You may remember the old “invisible servants” trope from such rants as Wuthering Heights, and, I suspect, most of Western literature from about 1693–1957. But this one really stands out among Christie’s other works for just treating everyone beneath an Earl as either non-existent (how DO they get the napkins so starched around here? must be magic. everything else in this book conveniently is) or of no interest.
I mean, come on! At least Poirot actually talks to working class people. Often as equals. It’s one of his little trademark quirks that unlike the stupid old British labouring under the great burden of their class assumption, quick-witted plucky Belgian Poirot can actually talk to poor people! As if they are humans! And thus he finds the answers that stuck up Scotland Yard and/or any poshos lying around, e.g. Hastings, are too set in their ways to even consider. Bully for him vive le socialisme etc.

What Satterthwaite and he have in common is a certain Comic Book Guy from the Simpsons -esque feeling of “oh I’ve wasted my life”. But unlike Poirot’s wistful and underplayed gestures towards loneliness, old Sat is definitely going to let you know that things didn’t pan out quite the way he had planned.

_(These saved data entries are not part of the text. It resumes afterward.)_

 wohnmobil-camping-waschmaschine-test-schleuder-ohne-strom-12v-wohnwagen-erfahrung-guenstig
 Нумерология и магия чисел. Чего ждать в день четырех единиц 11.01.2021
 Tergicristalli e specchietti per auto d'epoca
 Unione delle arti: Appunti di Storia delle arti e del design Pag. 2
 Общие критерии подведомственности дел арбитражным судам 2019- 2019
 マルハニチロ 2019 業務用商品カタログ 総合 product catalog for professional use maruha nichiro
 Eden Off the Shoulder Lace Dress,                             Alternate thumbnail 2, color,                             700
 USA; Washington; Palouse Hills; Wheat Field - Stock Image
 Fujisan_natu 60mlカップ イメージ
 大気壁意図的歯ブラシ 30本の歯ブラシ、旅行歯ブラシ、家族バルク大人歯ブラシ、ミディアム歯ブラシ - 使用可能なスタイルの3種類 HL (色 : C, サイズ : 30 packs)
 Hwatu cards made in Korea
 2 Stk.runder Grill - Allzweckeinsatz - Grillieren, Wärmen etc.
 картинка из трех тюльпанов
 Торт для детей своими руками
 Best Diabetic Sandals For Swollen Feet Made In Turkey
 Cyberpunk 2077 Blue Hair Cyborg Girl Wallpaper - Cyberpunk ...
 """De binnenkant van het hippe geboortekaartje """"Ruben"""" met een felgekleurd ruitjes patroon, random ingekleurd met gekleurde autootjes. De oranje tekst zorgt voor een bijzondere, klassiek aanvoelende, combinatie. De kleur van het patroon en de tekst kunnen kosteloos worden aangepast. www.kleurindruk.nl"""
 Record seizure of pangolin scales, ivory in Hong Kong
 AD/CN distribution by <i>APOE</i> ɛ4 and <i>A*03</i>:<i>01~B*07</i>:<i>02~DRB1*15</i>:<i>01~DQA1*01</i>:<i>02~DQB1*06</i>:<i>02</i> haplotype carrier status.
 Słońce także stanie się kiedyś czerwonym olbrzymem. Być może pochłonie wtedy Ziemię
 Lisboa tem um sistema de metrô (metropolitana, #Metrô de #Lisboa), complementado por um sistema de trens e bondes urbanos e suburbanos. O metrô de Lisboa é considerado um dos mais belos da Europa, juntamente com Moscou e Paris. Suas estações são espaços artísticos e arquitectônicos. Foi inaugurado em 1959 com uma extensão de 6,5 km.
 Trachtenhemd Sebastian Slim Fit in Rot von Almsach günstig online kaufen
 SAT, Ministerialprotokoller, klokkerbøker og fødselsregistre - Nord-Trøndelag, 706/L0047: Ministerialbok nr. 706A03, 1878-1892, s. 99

He never quite comes out and says “if only it had worked out with Eric”, or, you know, just comes out, but it’s there in every other word he does say. It’s unfortunate for us all, however, that loneliness has not made him bitter, because instead he spends all his time matchmaking anyone under the age of 50 who happens to cross his path. The underlying theme of all of these so-called mysteries is the bringing together of some couple or other, because obviously you can force people to fall in love just like that. But then romantic realism is not something Ags is really known for; the ends of cases are frequently sealed by some implausible hetronormative happy ending.

There you have it: it is better to have loved and lost than to be surrounded by coincidences that make no sense and hallucinating a tall dark carny who fucks up the laws of physics.